The importance of military communications

Communications in military operations has always played a crucial role in the functionality and success of the Armed Forces. As military technology evolves to keep pace with modern day threats, so do the demands placed on tactical communications. 

Defence Online Editor Matt Brown caught up with Scott Patterson, Defence Director at Petards, to discuss the challenges of keeping the latest military technology and personnel connected securely.  


As the defence and security industry faces evolving challenges, how has this affected the demands placed on modernday communications systems? 

Interestingly, we see the users being pulled in two different directions by shrinking budgets and more complex requirements for communications. On the one hand they just want very simple and very reliable systems, which work every time. On the other hand, they have seen the speed of improvements in their own mobile phones and wonder why they can’t have the same functionality. We think that alignment between these two forces will come in time. This will be when new analytics mask the complexity behind video and data services and it all becomes hidden under a simple and reliable front-end. Just like our powerful smartphones with big friendly buttons. 


We hear a lot about the importance of cyber security, how big a consideration is it in modern military communications? 

Cyber security is huge in modern military communications. We don’t just worry about the software. We worry about where all the hardware has come from and we worry about where we can let it go. Even repairs have to be handled carefully to avoid opening a chink in our cyber armour. 


In what ways do communication systems for the MOD differ from commercial systems? 

It all depends on the users. In some ways, providing communication systems for Glastonbury or the Tour de France isn’t that different from an Army regiment on exercise. They all have large, flexible workforces and they would all consider secure and rugged communications to be essential. However, it would be unusual for a commercial system to justify its own worldwide communications network or to have to work deep under the ocean. 


Presumably, providing communications for maritime, land and air presents different challenges for each? 

Each of the different domains has its own challenges and cultures. For maritime, the distances can be large but the platforms are capable and it’s about sustaining communications for months at a time. On land, the geography plays a part whether it’s a mountain in the way or the need for the kit to be carried (with its batteries) by a soldier. In the air, it’s space, weight and power plus the appreciation of air safety and the lack of room for error. 


Petards delivers military communication systems across the world. Are the demands placed on C4ISR services the same globally? 

We find that the fundamentals of wanting to communicate clearly and wanting to know what’s happening around you are the same across the world.

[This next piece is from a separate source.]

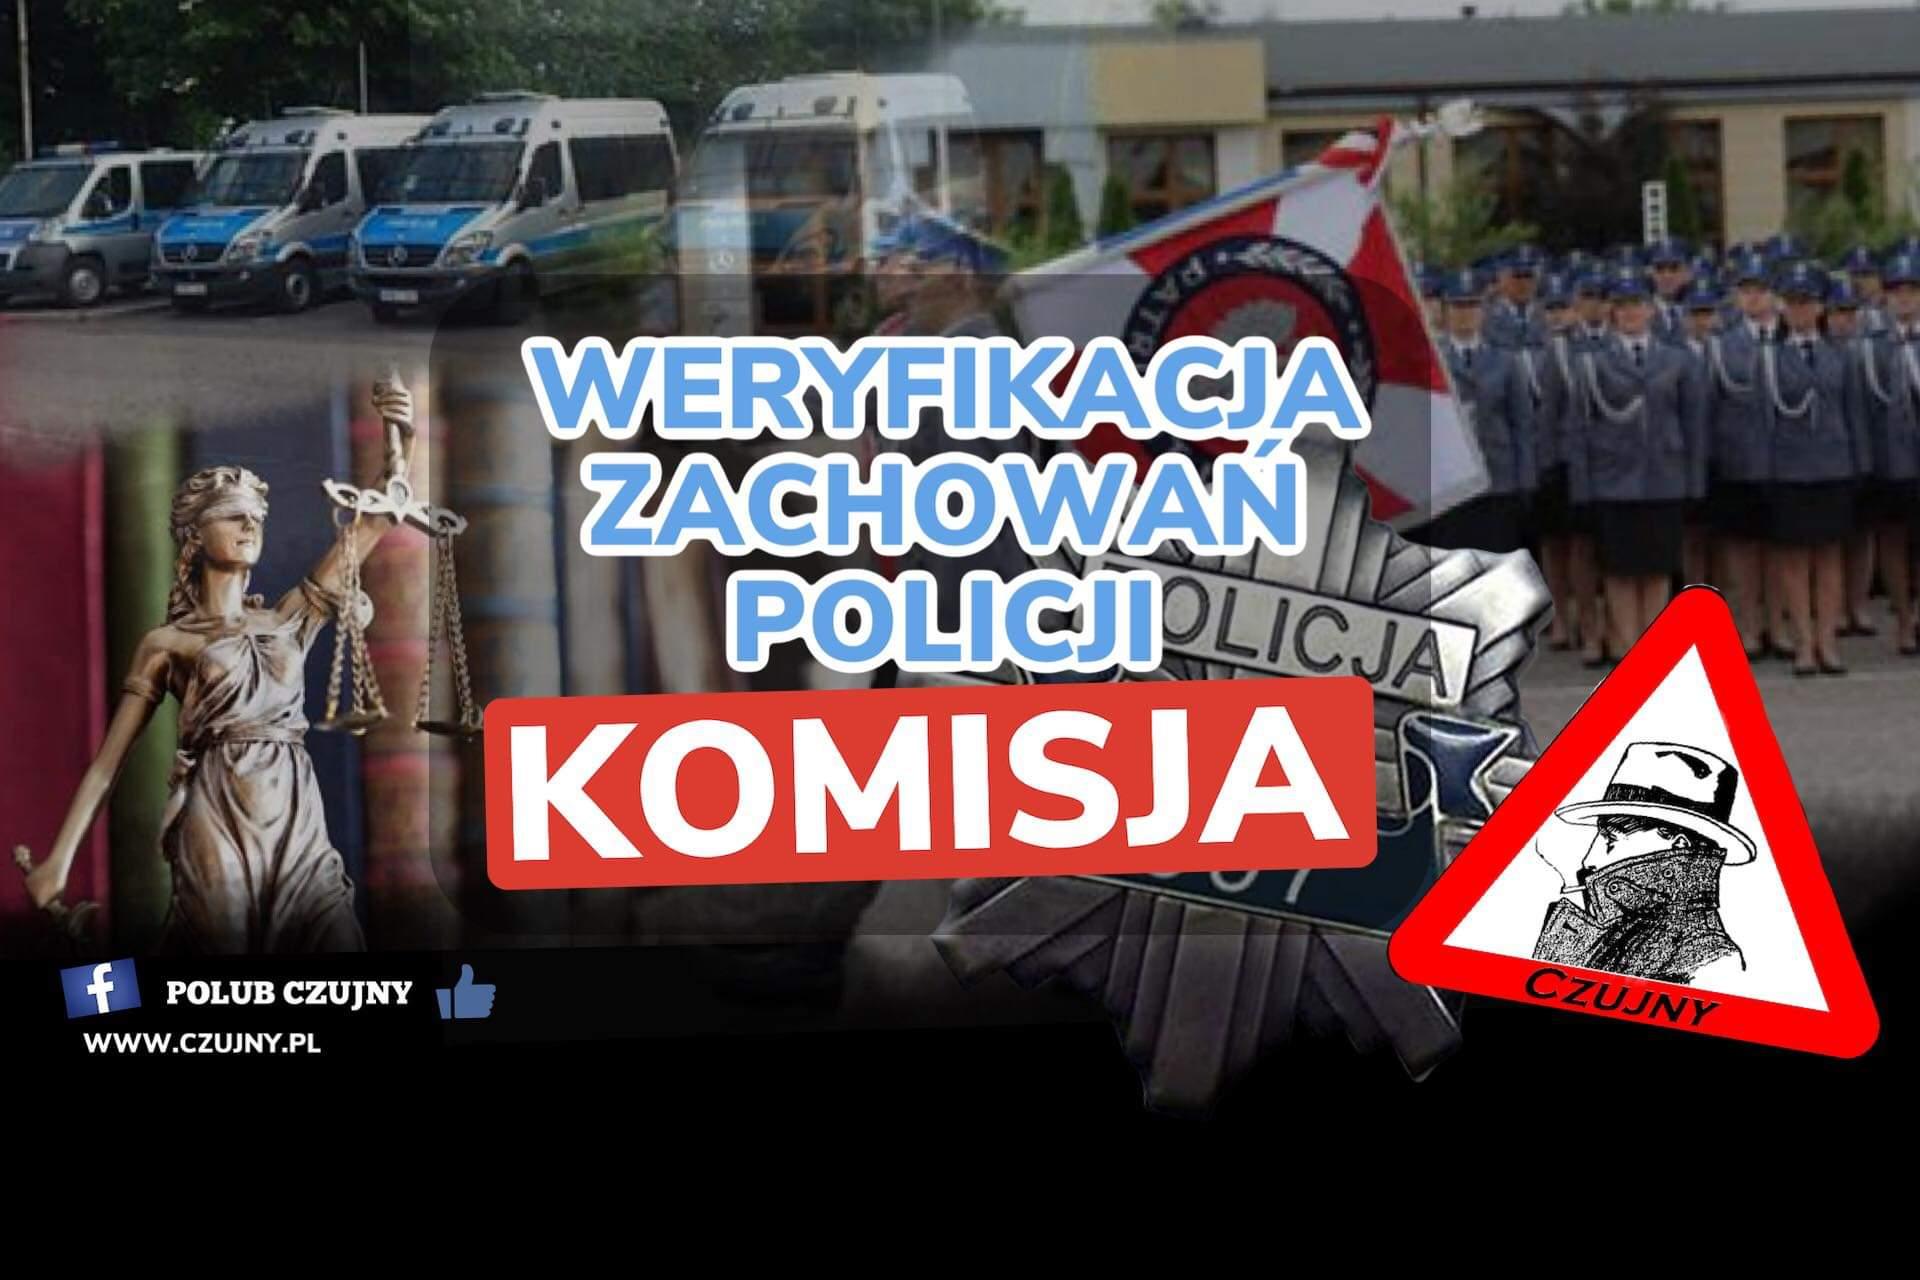 Komisja weryfikująca zachowania policji? Chcą wydalenia, pozbawienia emerytur i zakazu(…)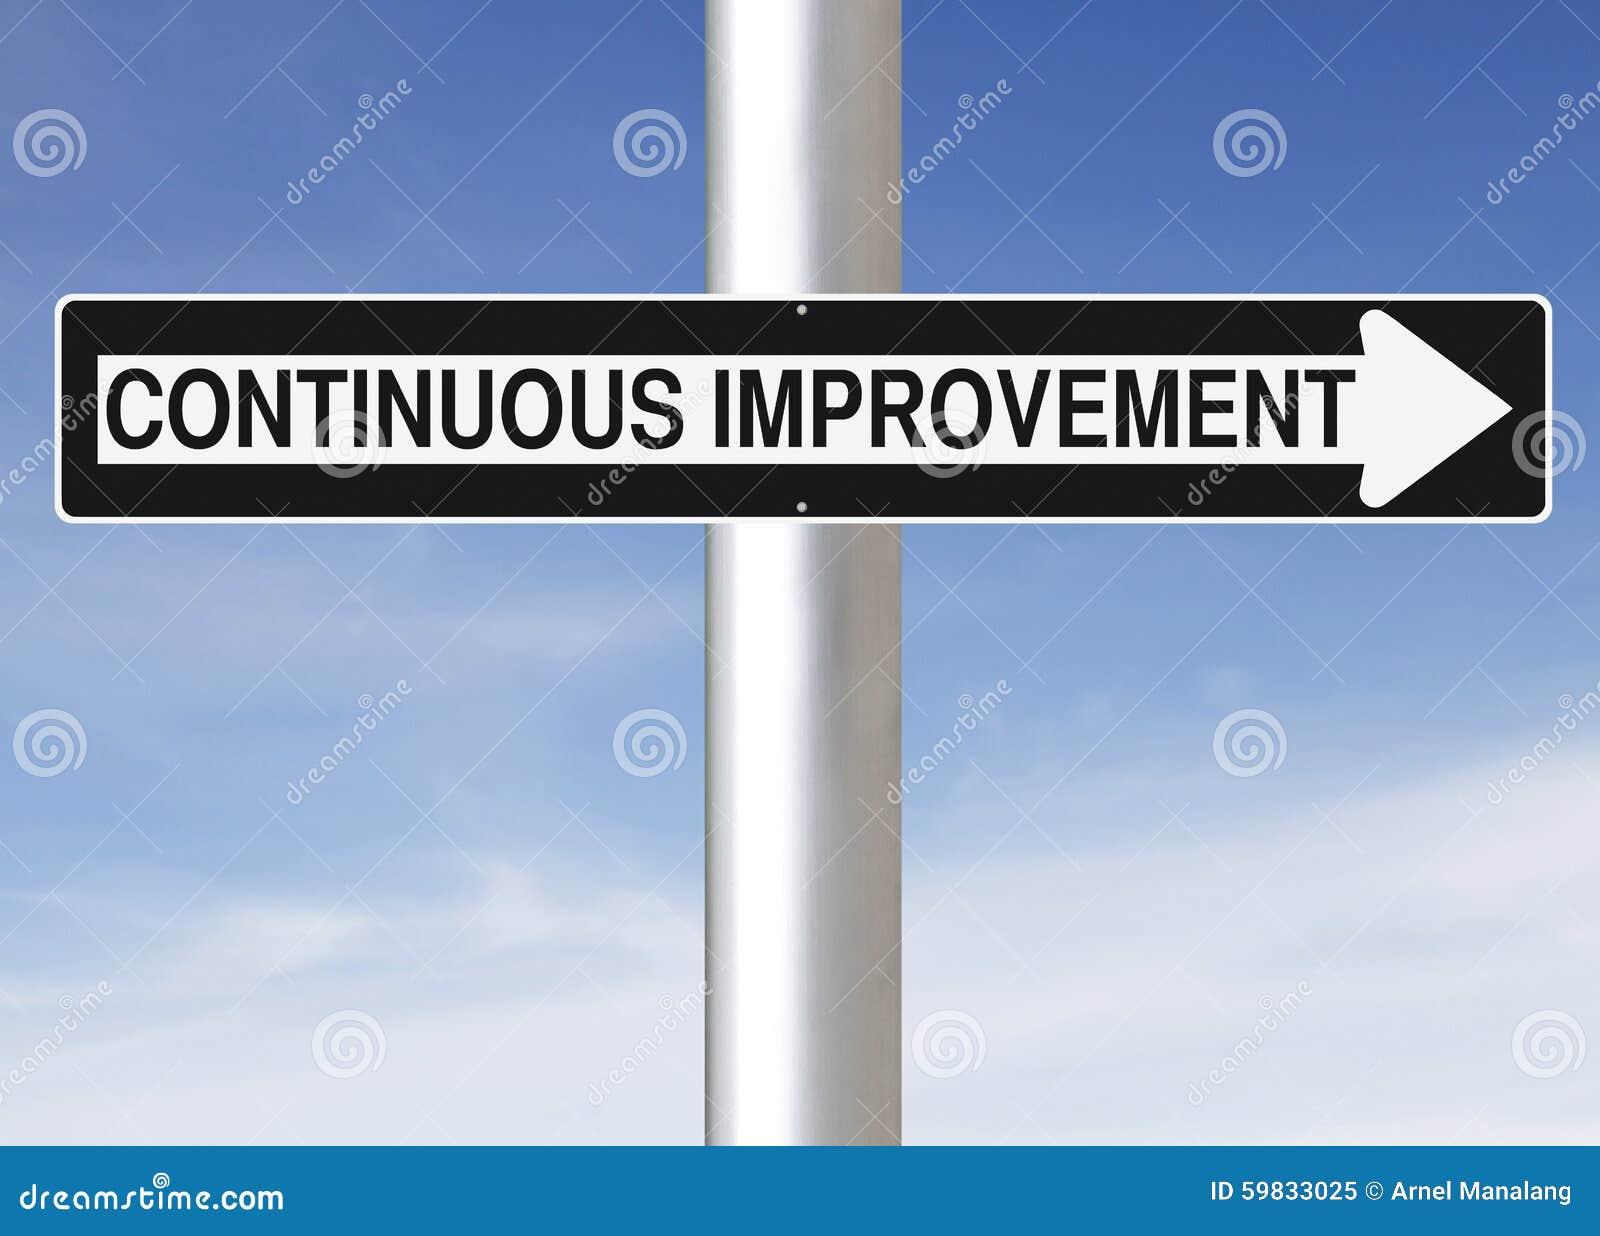 Ununterbrochene Verbesserung

However, the details are most definitely not the same. Each global customer has unique requirements and ways of working, whether flowing down from their own doctrine or their preferred procurement route. Some customers are very hands-on whilst others will set a broad requirement and leave it up to us how we meet it. Even ‘off the shelf’ kit will be used very differently, so we work carefully with our customers to create cost-effective bespoke support services to keep their equipment working. 


Given the innovation in communication technology in the commercial sector, does this technology makes its way into the defence market? 

It does and it’s all about timing. In the commercial sector something new arrives every 12-18 months. In defence, the development stage of a project can last 20 years before the equipment makes it into service. Decide too early and your solution is obsolete before it has been used. Decide too late and you might put the whole project at risk if it doesn’t work as to plan or you haven’t anticipated the right interfaces. We’re getting better at it now.  


Likewise, is it the case that technology created for the defence market find its way to the commercial market?  

Yes, it does still happen but not as often as it used to. Military research and development budgets are big but nothing compared to the big tech companies. There are still a few niche areas where defence is ahead such as in encryption technology. It would be great for both sectors if there was a big leap forward in battery technology. 


What does the future hold for tactical communication technology? 

As I’ve said, the future is about video, analytics and data services. Voice will always be a core service but to keep operational advantage in the information age the winners will be those who can see the real picture on the ground and those who can make sense of volumes of data to make the right decision. 


Are you working on any interesting projects for the MOat the moment? 

We’re very lucky to have a wide range of interesting projects for the MOD. Some, like ALE-47 (an airborne countermeasures dispenser system), have been with us for decades and we have helped them continually evolve and improve. Others, like our recently won radios contract, are very much about giving a great level of service to the thousands of users on the ground every day.